WHAT IS REQUIRED >> Wherever the line that contains "glass island weave by scottVee" falls, repeat it and the lines after it exactly until the records end, without any pictures.

DATA EXCERPTS >>
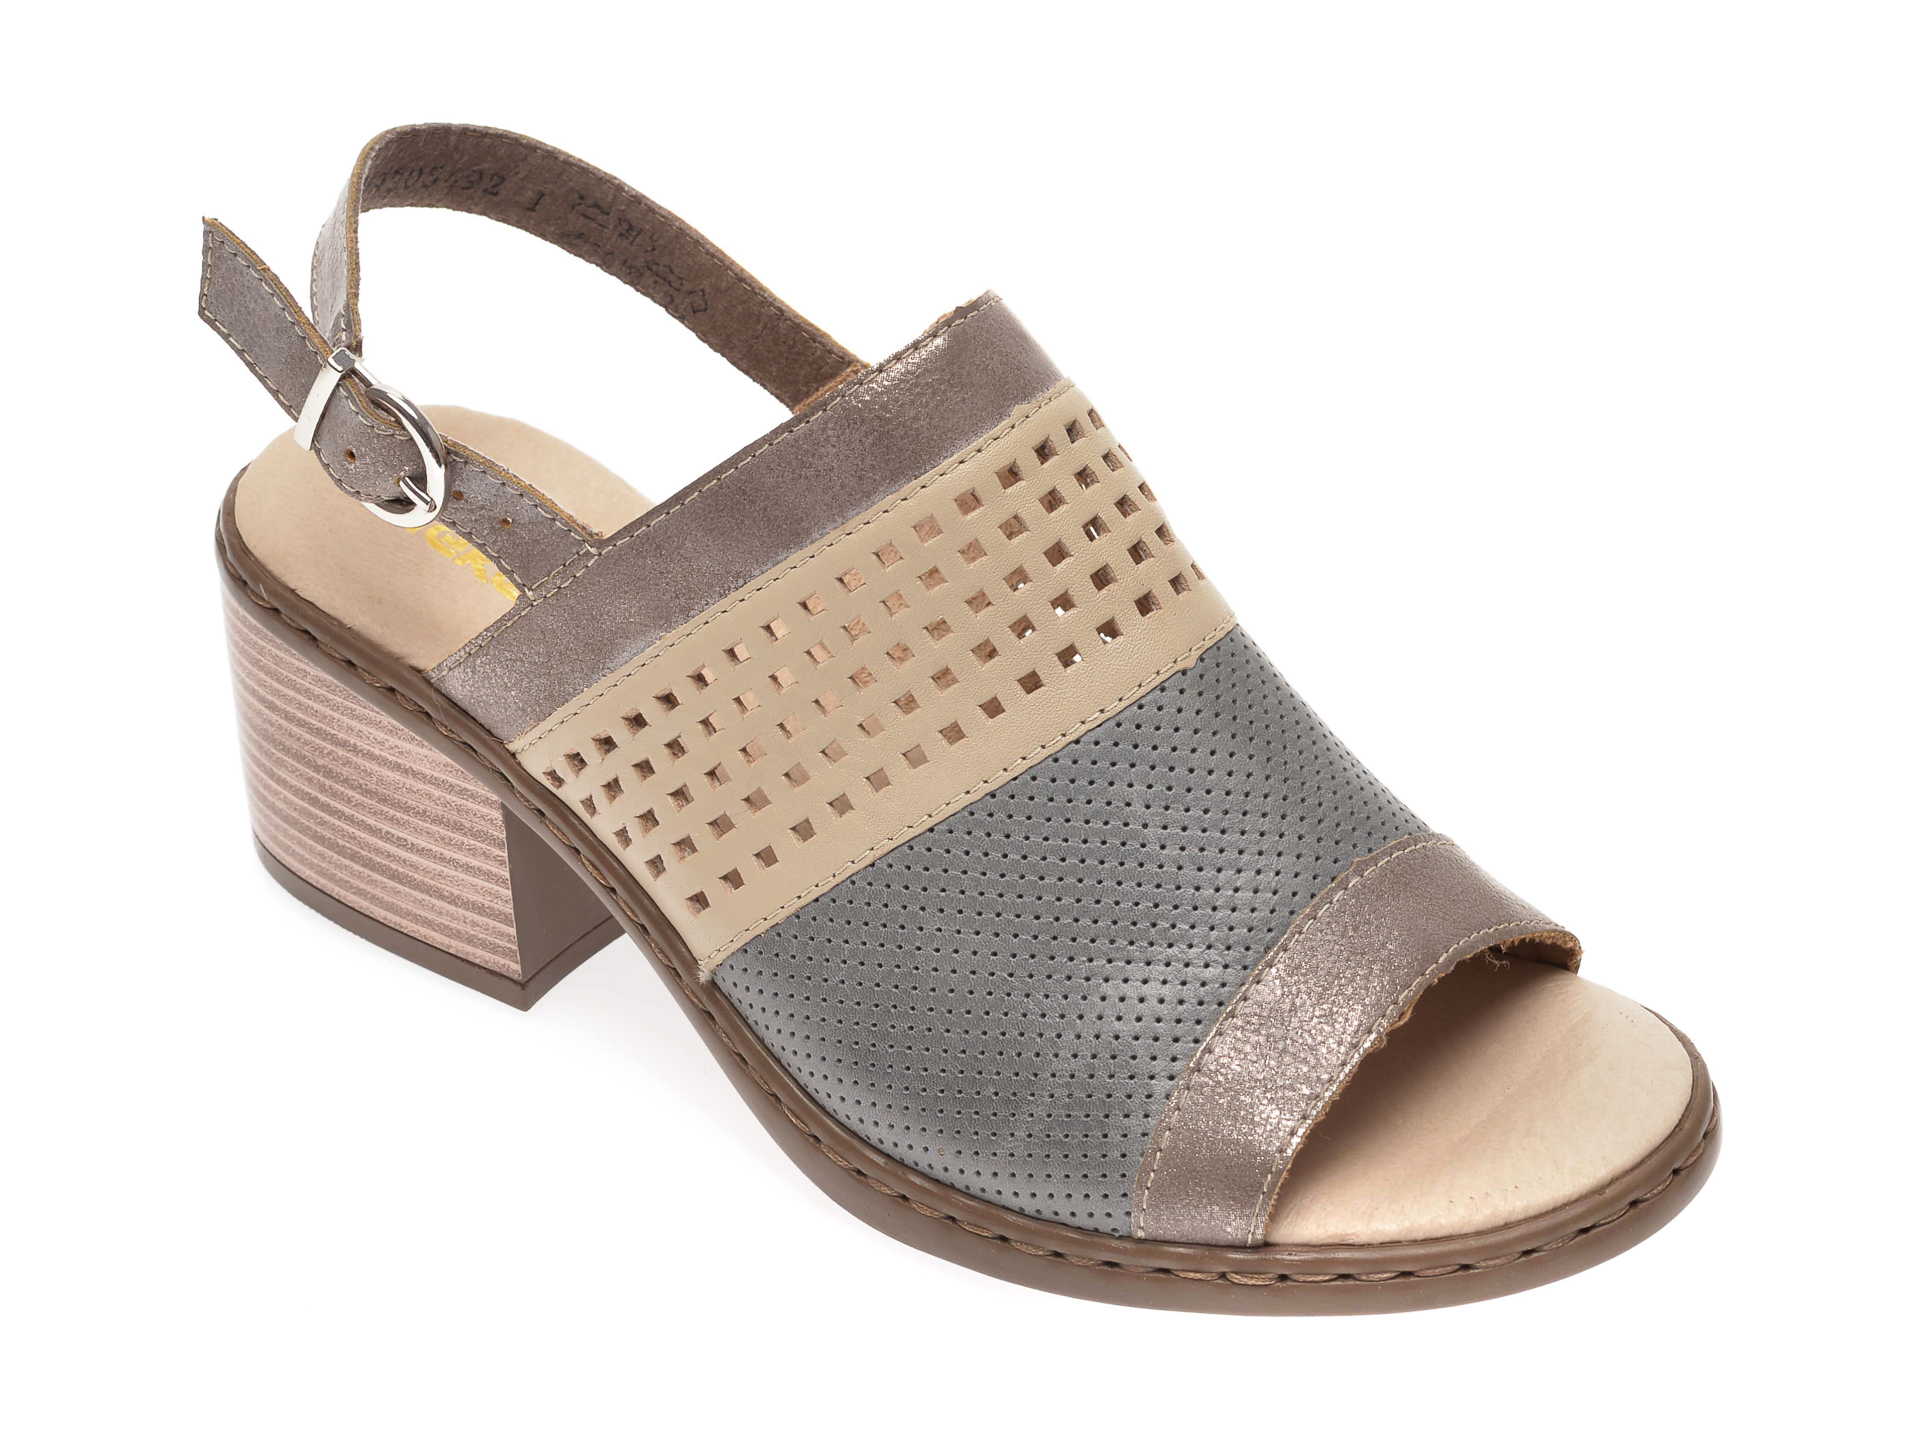 Sandale RIEKER gri, V0575, din piele naturala
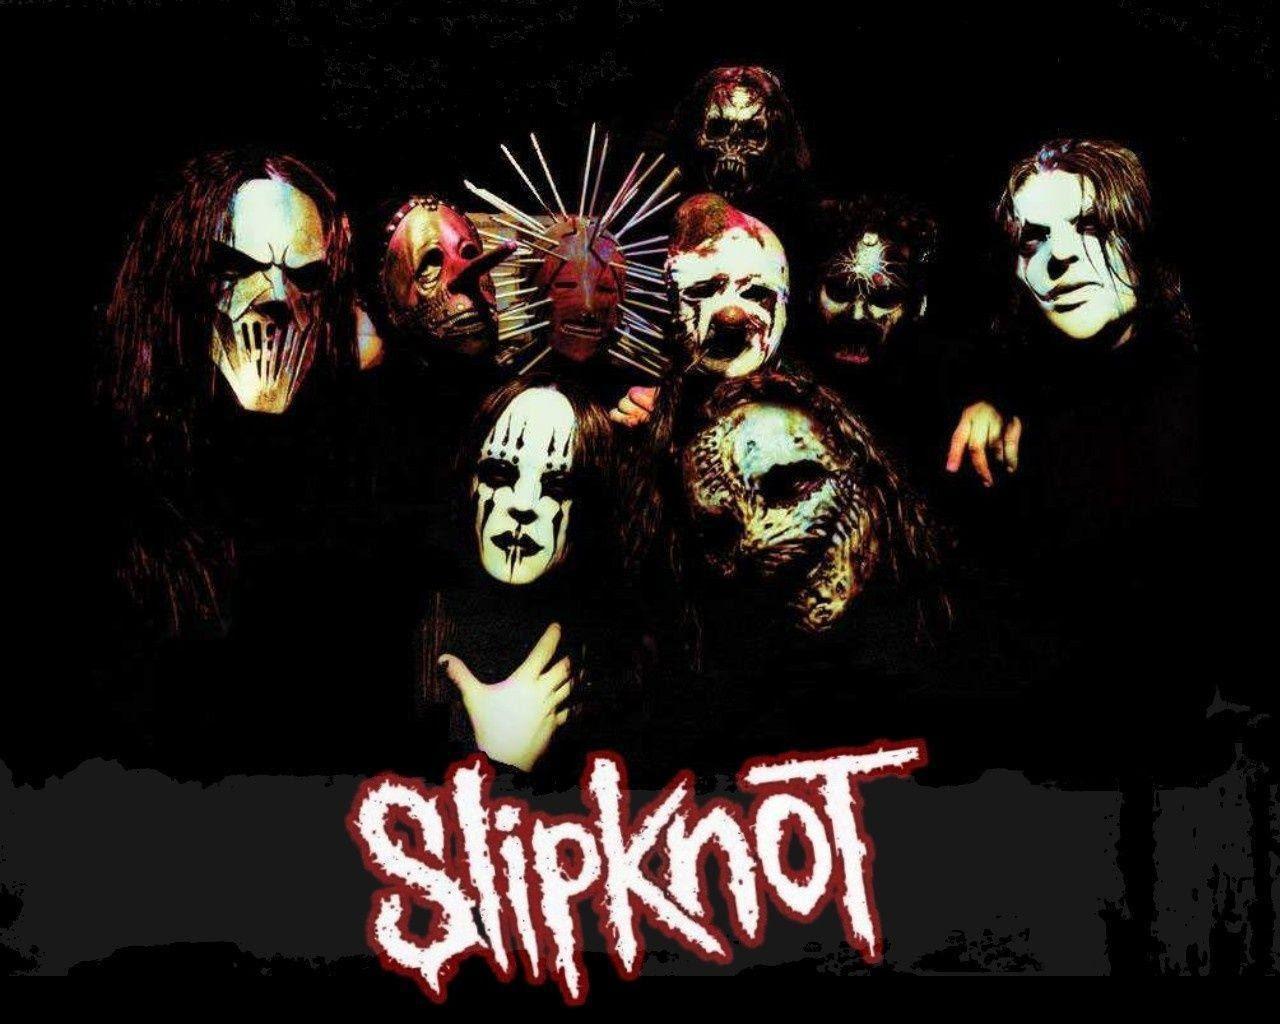 Slipknot Wallpapers - Wallpaper Cave
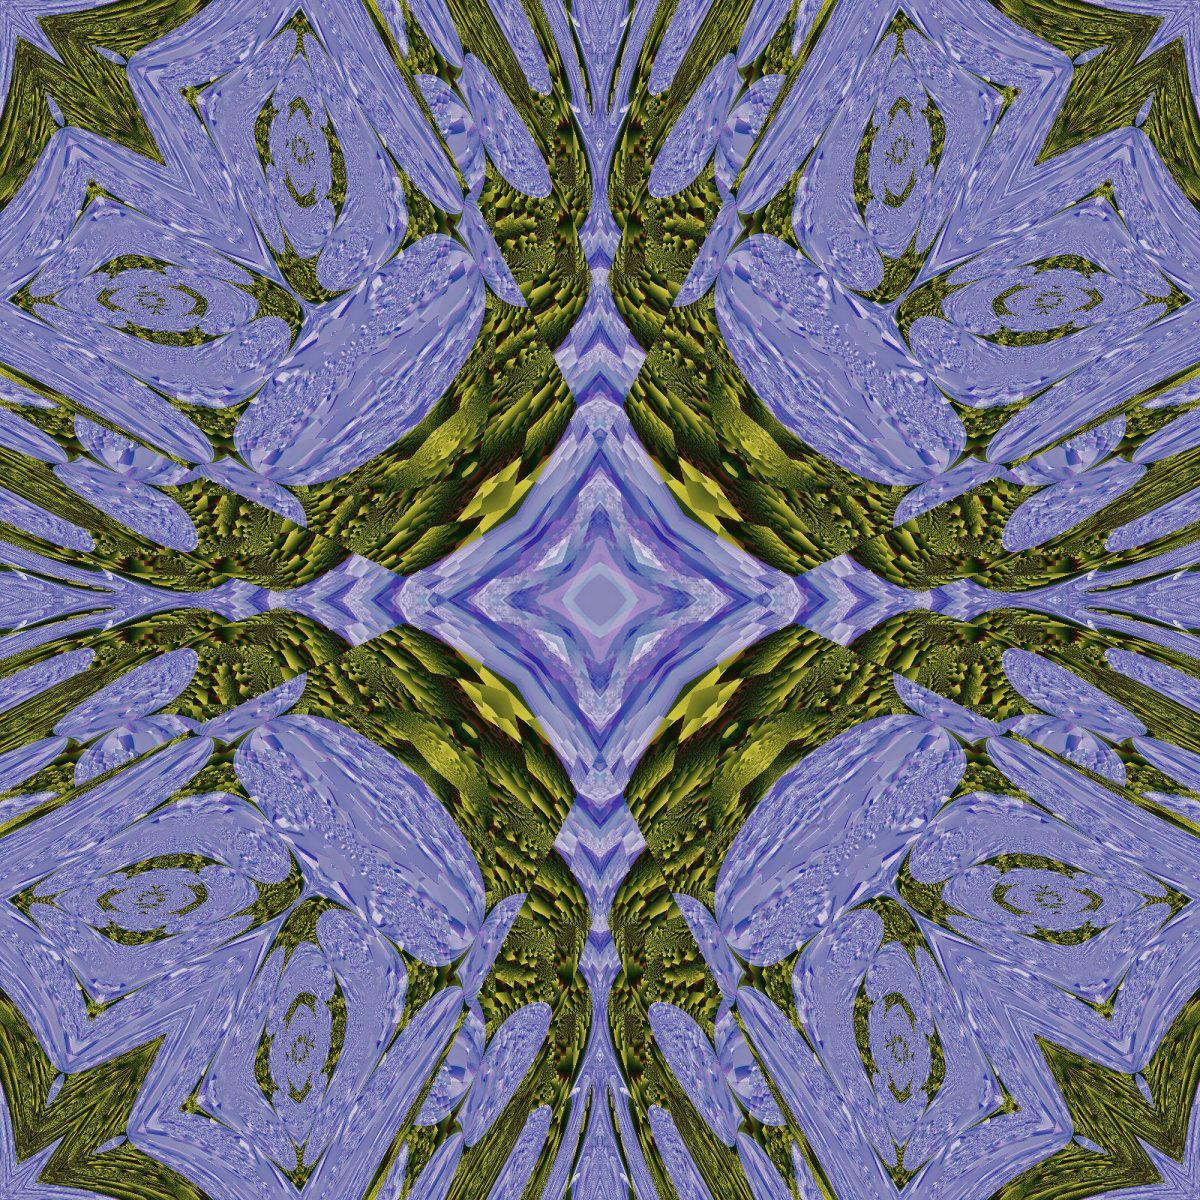 glass island weave by scottVee
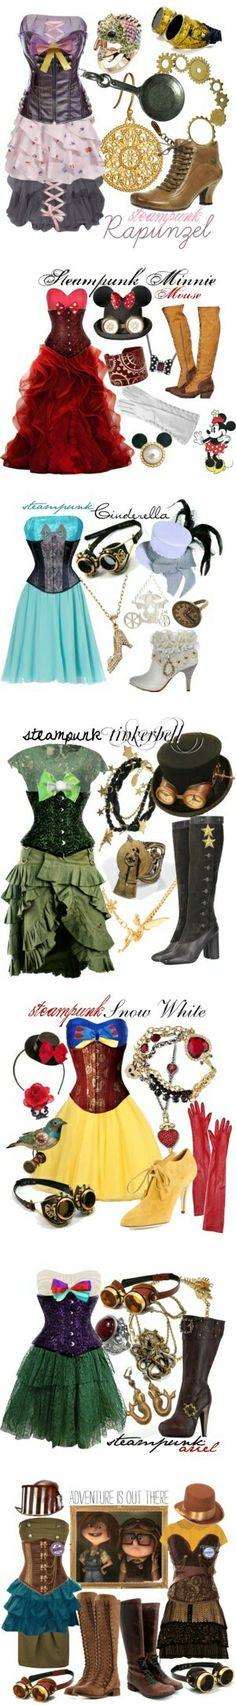 Disney princess Steampunk style
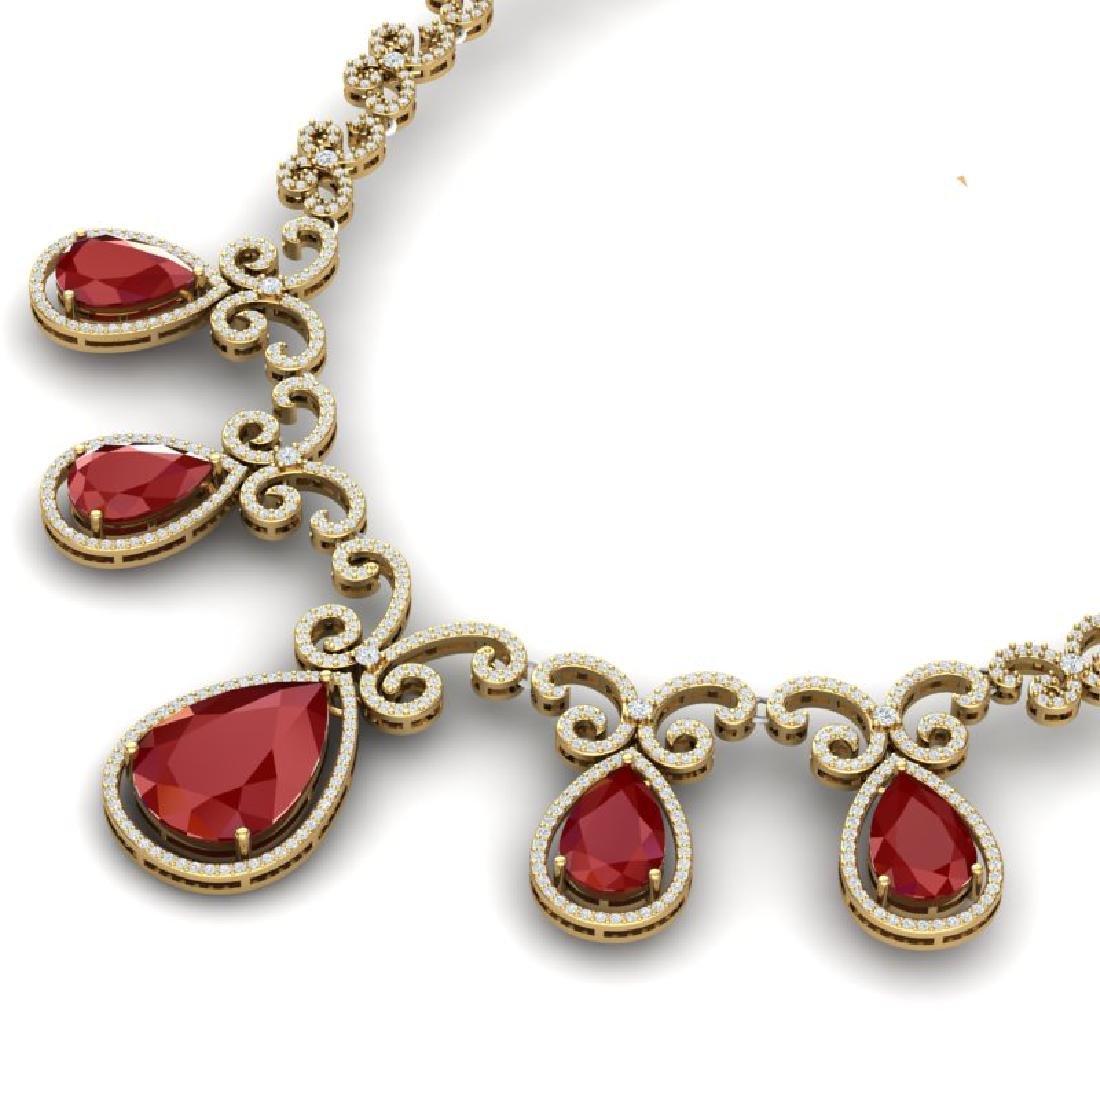 38.42 CTW Royalty Ruby & VS Diamond Necklace 18K Yellow
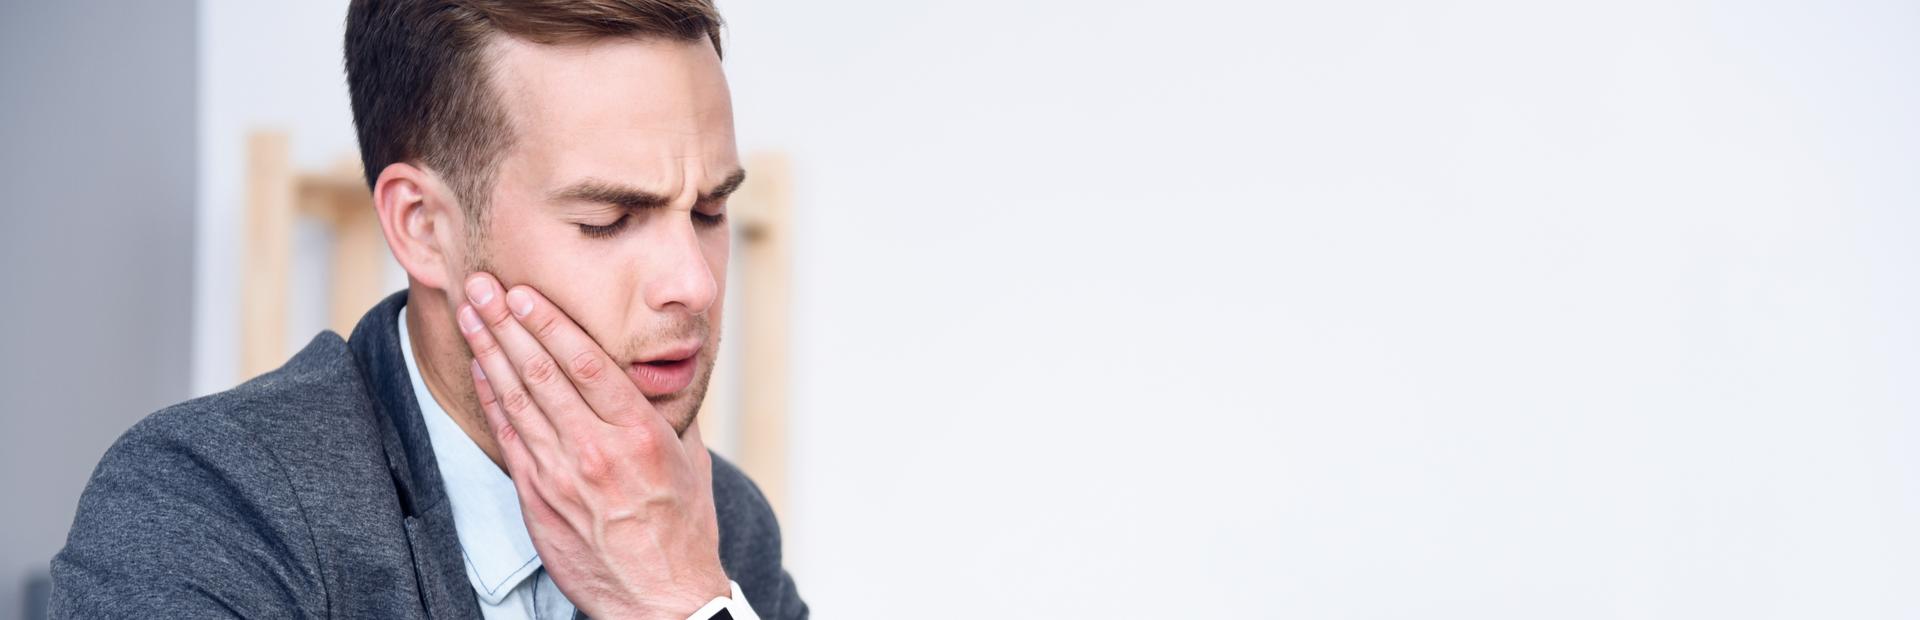 terapia skroniowo-żuchwowa – slider

ANSWER >>
 glass island weave by scottVee
 Disney princess Steampunk style
 38.42 CTW Royalty Ruby & VS Diamond Necklace 18K Yellow
 terapia skroniowo-żuchwowa – slider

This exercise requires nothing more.